Wednesday, January 22, 2020

Three Beautiful Things 01/21/20: Quick Check Up, Kibbeh and Granola, Lucy Cooke and *Master and Commander*

1. I'm finished with the medical/industrial complex until March. Originally, I was scheduled to see my Primary Care Provider just before Christmas, but I rescheduled that appointment because I wanted to talk with her after I had my annual transplant list review in November, a second (limited) echocardiogram a couple weeks ago and talked with the cardiologist, and after my nephrology appointment last week.

I'm glad I did. I had blood work done in November and more done for Dr. Bieber. I was hoping not to have more. She didn't order more. Once I reviewed with Dr. Herold that I was feeling good and the results of the recent blood work, she listened to my heart and lungs, recommended that I not gain any more weight, and said she'd see me in six months.

Easy.

2. Back home, I heated up a chunk of the kibbeh I made yesterday and plopped a fried egg on top of it. I liked it -- in fact, I thought the kibbeh tasted better after it rested for a night in the fridge. The bulgur softened up and, while I still would like to season my next kibbeh more than the recipe calls for, it didn't seem as bland to me today.

A few years back, on Pinterest, I found a chart for making granola.
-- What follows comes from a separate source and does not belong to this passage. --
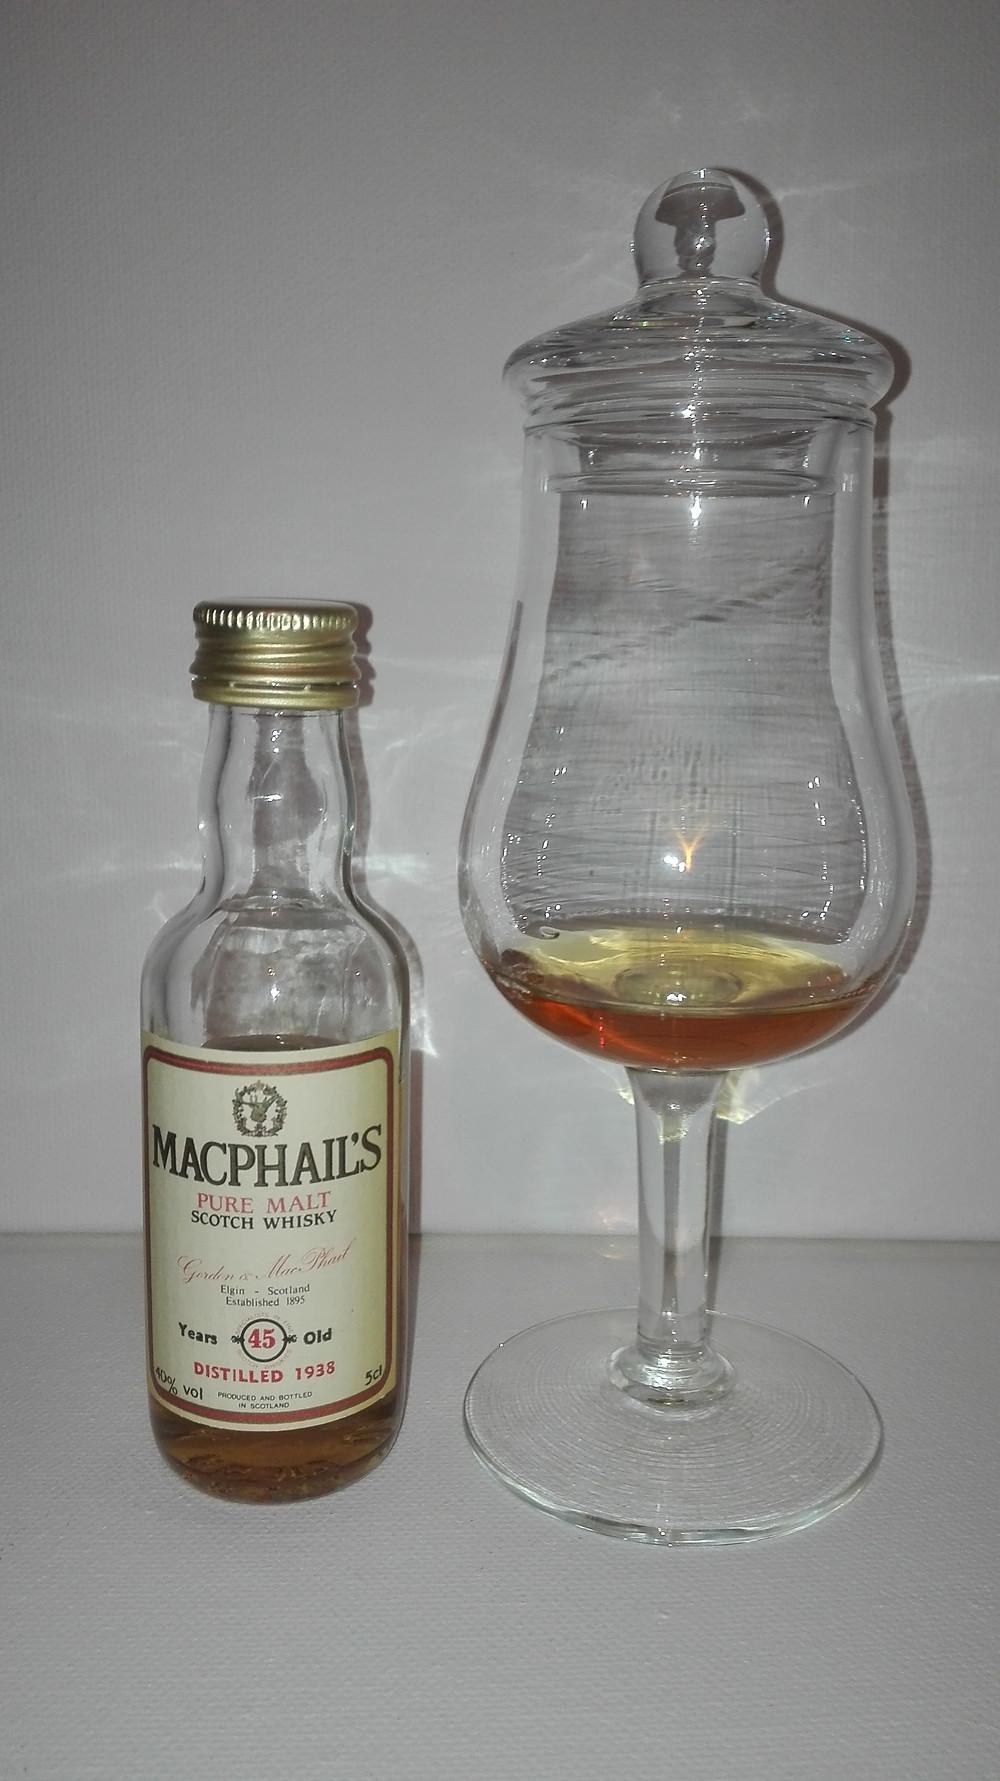 Gordon&Macphail, Macphail´s 1938, 45 years, Whisky, distilled 1938
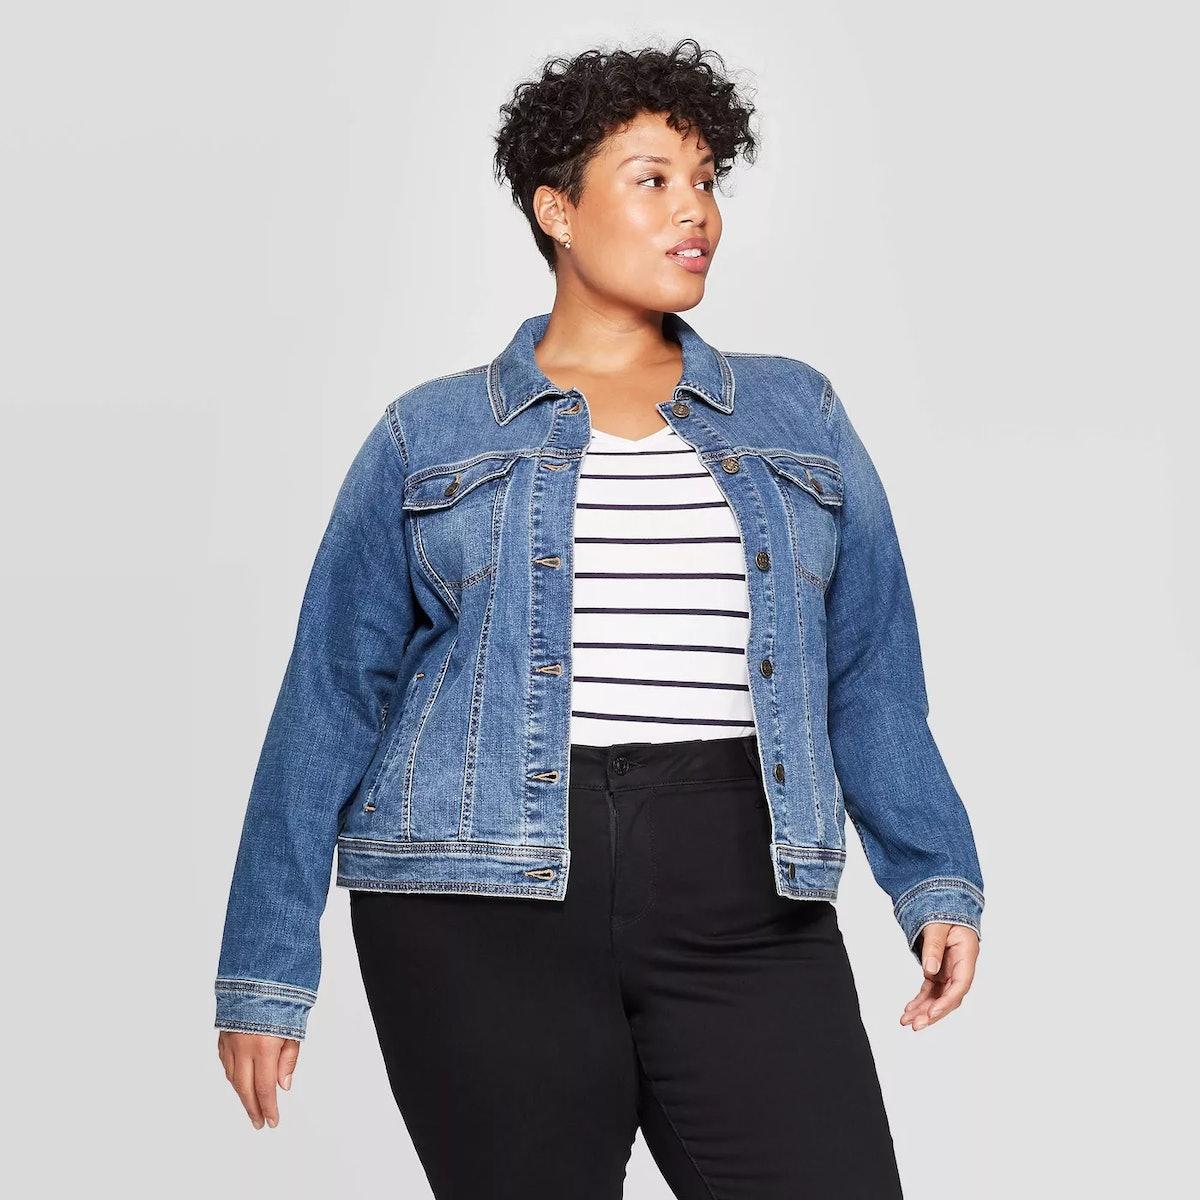 Ava & Viv Women's Plus Size Jean Jacket

I consulted it again today, realized I had what I needed on hand to make a batch, and combined oats, golden raisins, chopped walnuts, cinnamon, vanilla extract, melted butter, and brown sugar, stirred it up pretty good, and baked it on a sheet for a half an hour at 350 degrees.

The chart is here.

3. I finished Lucy Cooke's book, The Truth About Animals and read her conclusions about the history of the troubling relationship over the years between humans and the animal kingdom, both in terms of the wildly inaccurate ways humans have written and thought about animals over the centuries and in terms of the impact our habits of making animals into one kind of a commodity or another have had on these animals' daily lives and, in the bigger picture, on their very survival.

It's among the most enjoyable books I've read. Lucy Cooke has a wicked sense of humor, especially in her discussions of animal genitalia and breeding habits, but also in her assessments of crazy ideas early naturalists had about animal life.

So, her book is at once very funny and sobering. Lucy Cooke's love of animals, boundless curiosity,
sharp wit, extensive work in different animal habitats, and shimmering writing style make the book a joy to read even as it confronts its readers with dark truths about the perils of animal life on Earth.

What to read next?

I'll answer this question with a slight detour.

I'm wondering if any of you reading this post do something I enjoy from time to time. I do SmartTV searches for movie titles, call up the movies, and watch trailers. Sometimes, I'll watch six or seven trailers in a row. My reasons are various. Sometimes I like to remind myself of highlights from a movie I watched years ago; sometimes I like to watch a series of trailers of movies featuring a particular actor; sometimes I'm curious how the trailer makers went about creating a trailer about certain movies; and, sometimes I want to see if the trailer further rouses my interest in a movie I think I'd like to watch. I often have a trailer viewing session later in the evening when I know it's too late to start watching a new movie, but I'm in the mood for some cinematic stimulation.

I do the same things with books.

I look up titles on Amazon and, when available, I click on the Look Inside feature and read passages. Let's say, for example, I would like to just sample a bit of George Eliot or Henry James or Charles Dickens. This Look Inside feature gives me a way to do this.

Well, today, after finishing Lucy Cooke, I was in an Edith Wharton frame of mind. I'd recently watched trailers for movie adaptations of two of her books, The Age of Innocence and Ethan Frome. I realized that years ago I had started to read The Age of Innocence, but, for whatever reason, I didn't stick with it.

So I sampled The Age of Innocence and ordered it to be put on hold at the library.

What did I have on hand, though, that I could get going on?

Well, reading Edith Wharton put me in the mood for a certain elevated style of writing. I spotted Patrick O'Brian's Master and Commander in our bookcase and I remembered that even though he started writing his series of nautical novels in the 1960s, he employed a more antiquated and certainly an erudite writing style, packed with obscure nautical terms, non-nautical words on the very edge or outside the realm of common usage, Latin phrases, allusions to philosophers and other thinkers of antiquity, and references to composers of music.

Exactly, as it turns out, what I was in the mood for.

So, with my handy cell phone by my side to refer to constantly as a dictionary, I plunged into the deep waters of Master and Commander.

I got hooked immediately, so hooked that I canceled my plans to go to KHS and watch Kellogg play Sandpoint and I read O'Brian instead of watching two Big East basketball games with the sound on. I had the games on the Vizio, but I muted the sound, looking up occasionally to check scores or watch an occasional spurt of action.  But reading took precedent over the St. John's game (they lost to Marquette) and Villanova's win over Butler.

Reading O'Brian is slow going, but his prose ignited past pleasures of reading novels written elegantly, demanding close attention, sending me every few minutes to the dictionary, and developing intriguing, psychologically complex characters.